An exact repeat is needed of the lines from the one with "Kiwi blossom on a tree Stock Photo" through the last line of the data below. Please omit the pictures.
-- Dataset section follows --
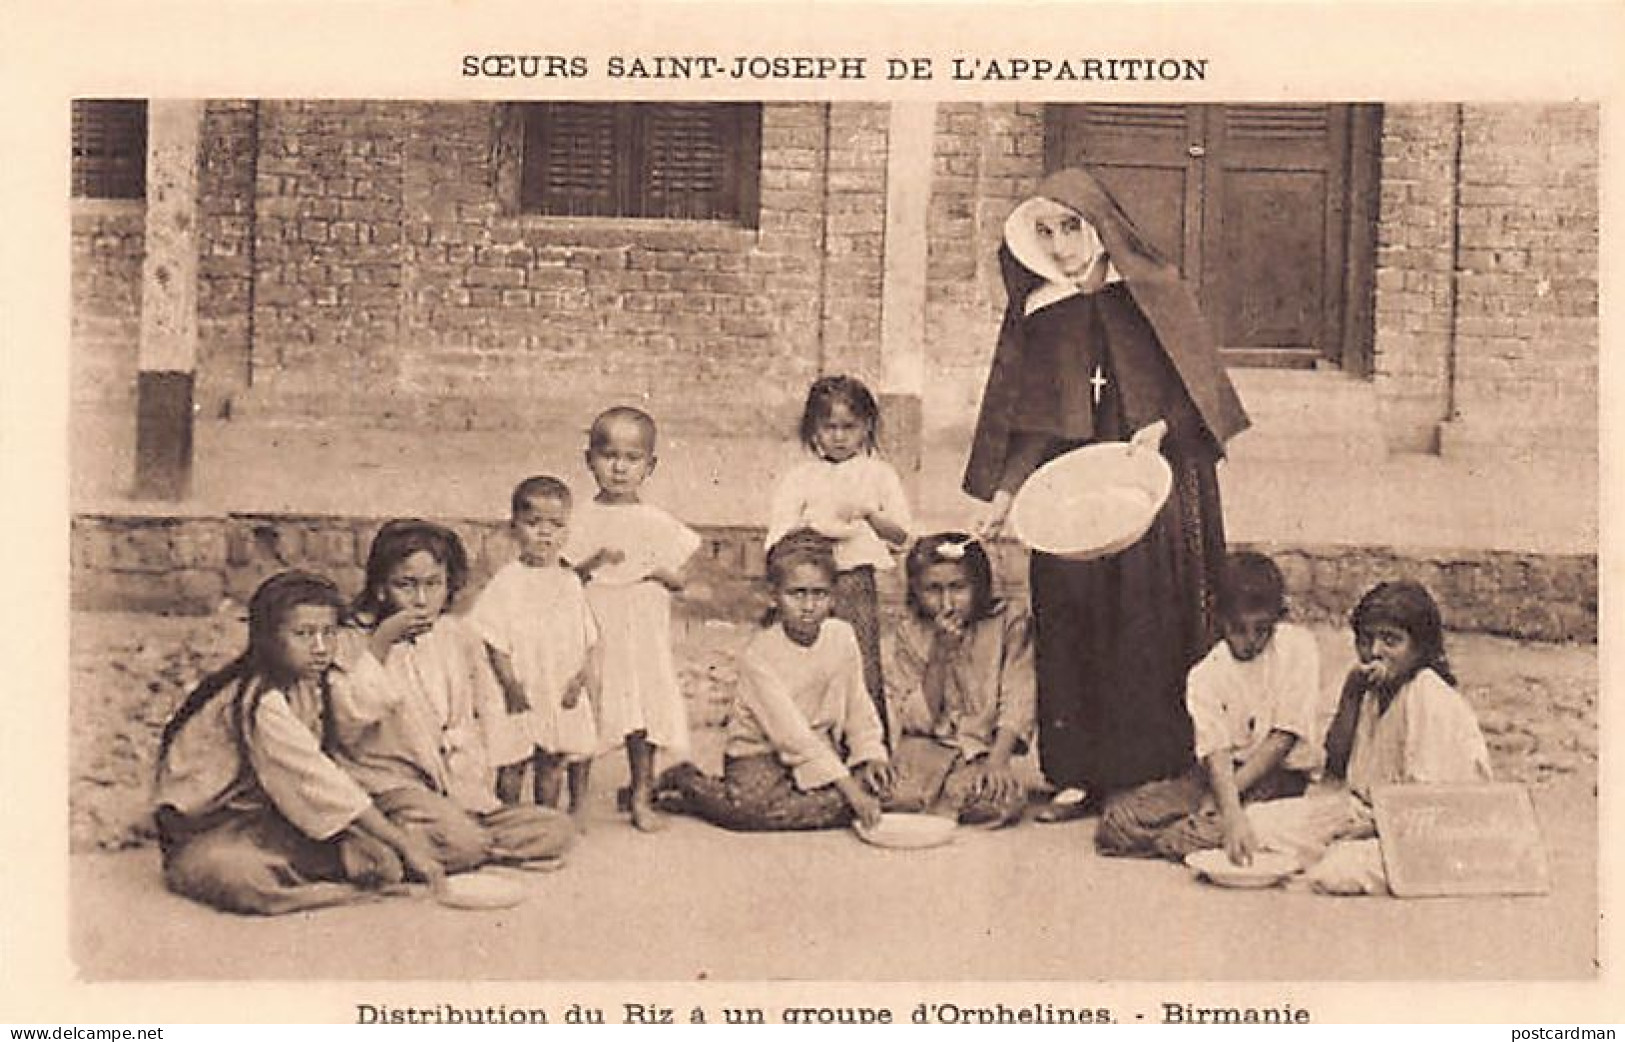 BURMA - Distribution Of Rice To A Group Of Orphans - Publ. Soeurs Saint-Joseph De L'Apparition - Myanmar (Burma)
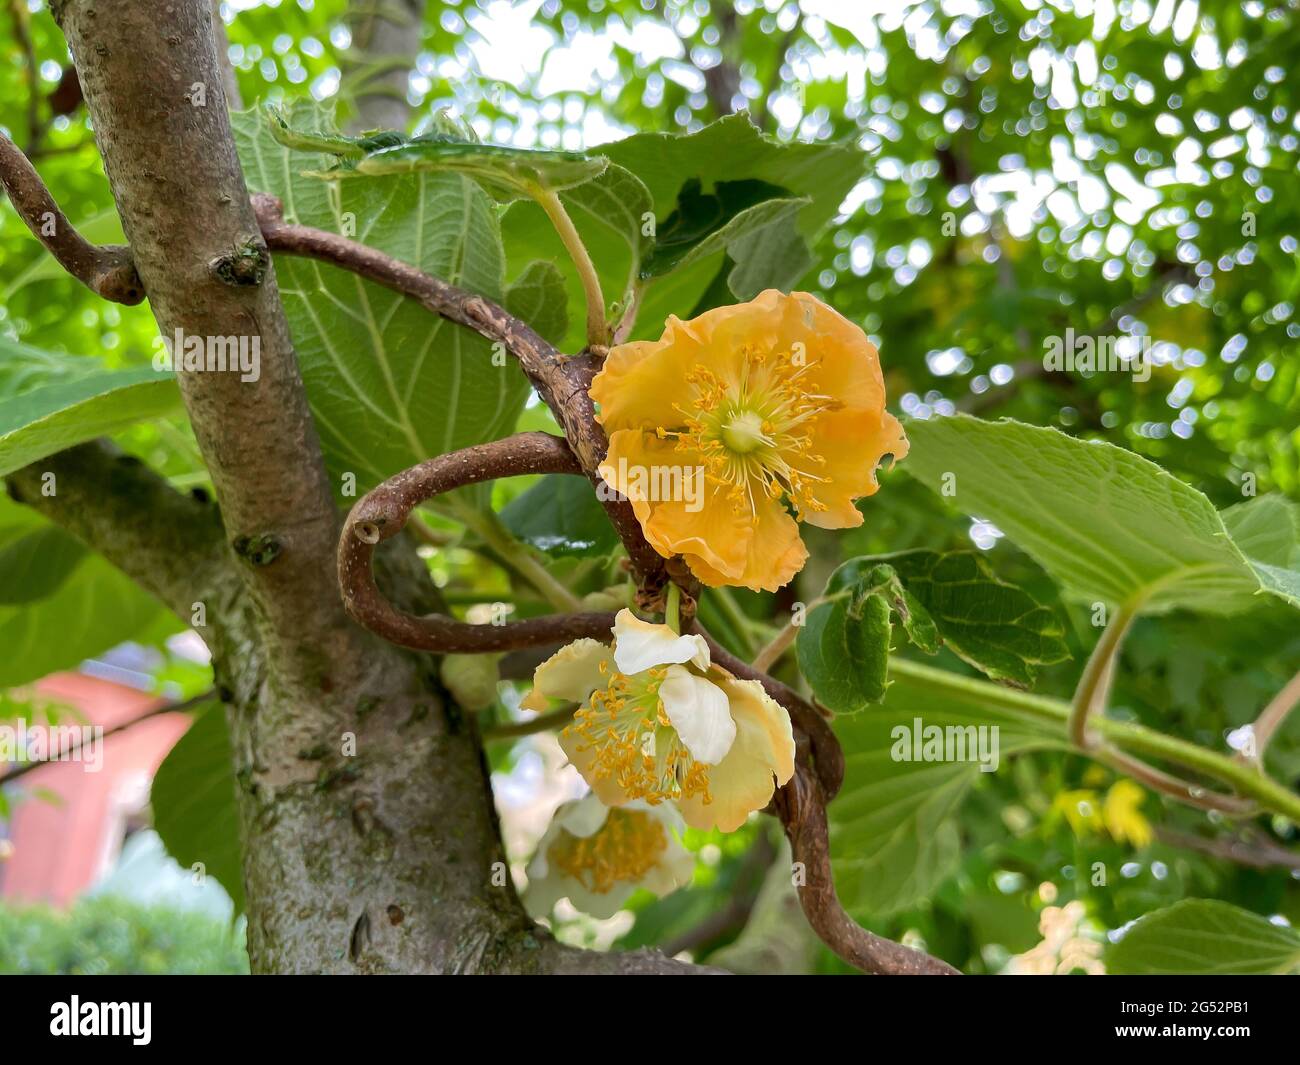 Kiwi blossom on a tree Stock Photo
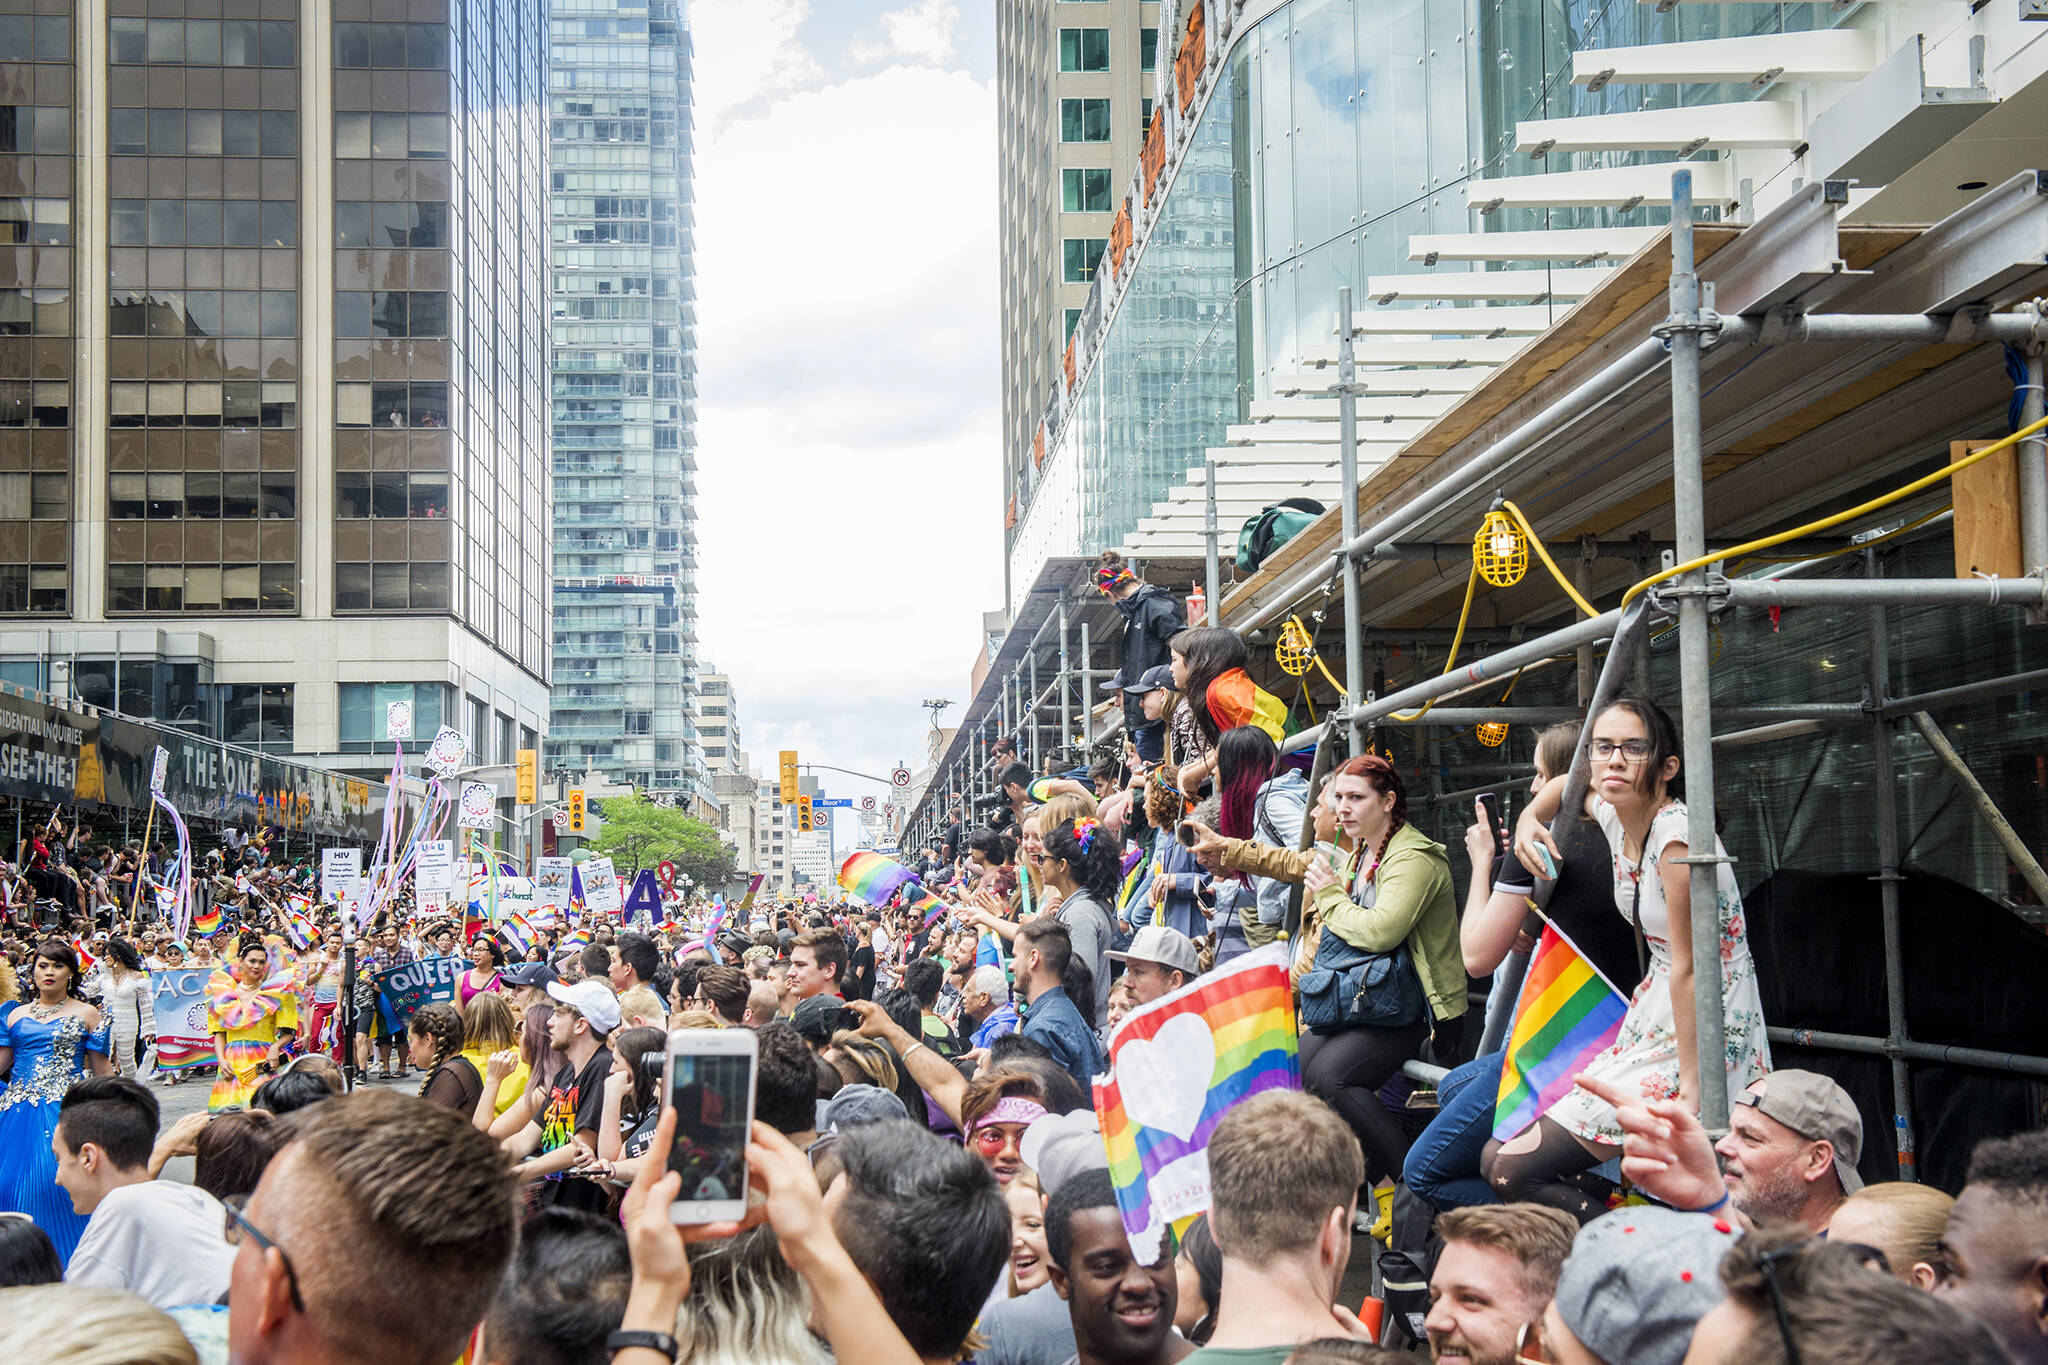 Pride Toronto lost 1.3 million last year amid controversy
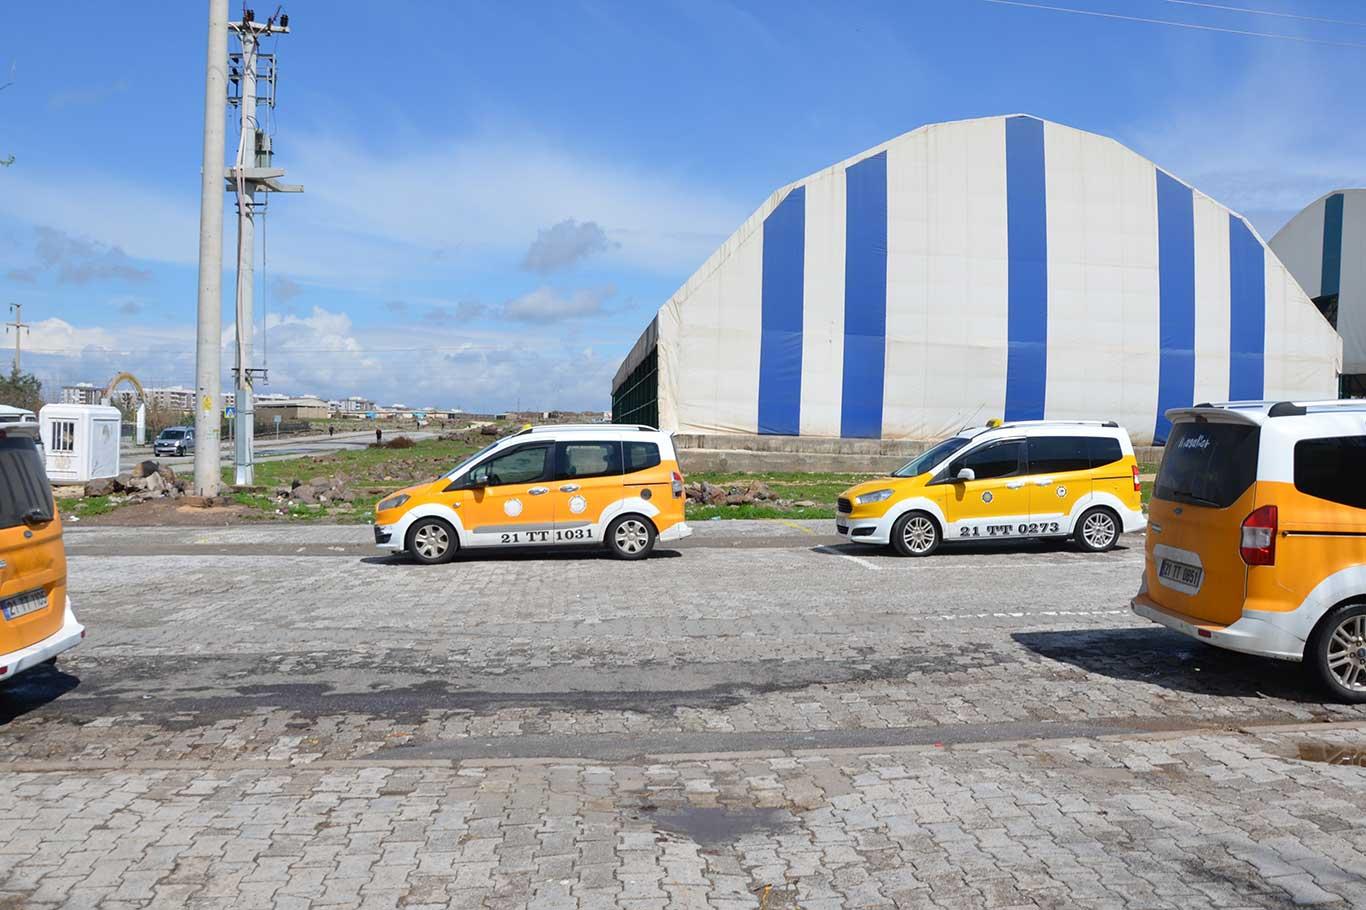 Diyarbakır'da taksi sahipleri: "Tek-çift plaka uygulaması" insanları mağdur edecek
-- Dataset section concluded --
Output of the exercise:
 Kiwi blossom on a tree Stock Photo
 Pride Toronto lost 1.3 million last year amid controversy
 Diyarbakır'da taksi sahipleri: "Tek-çift plaka uygulaması" insanları mağdur edecek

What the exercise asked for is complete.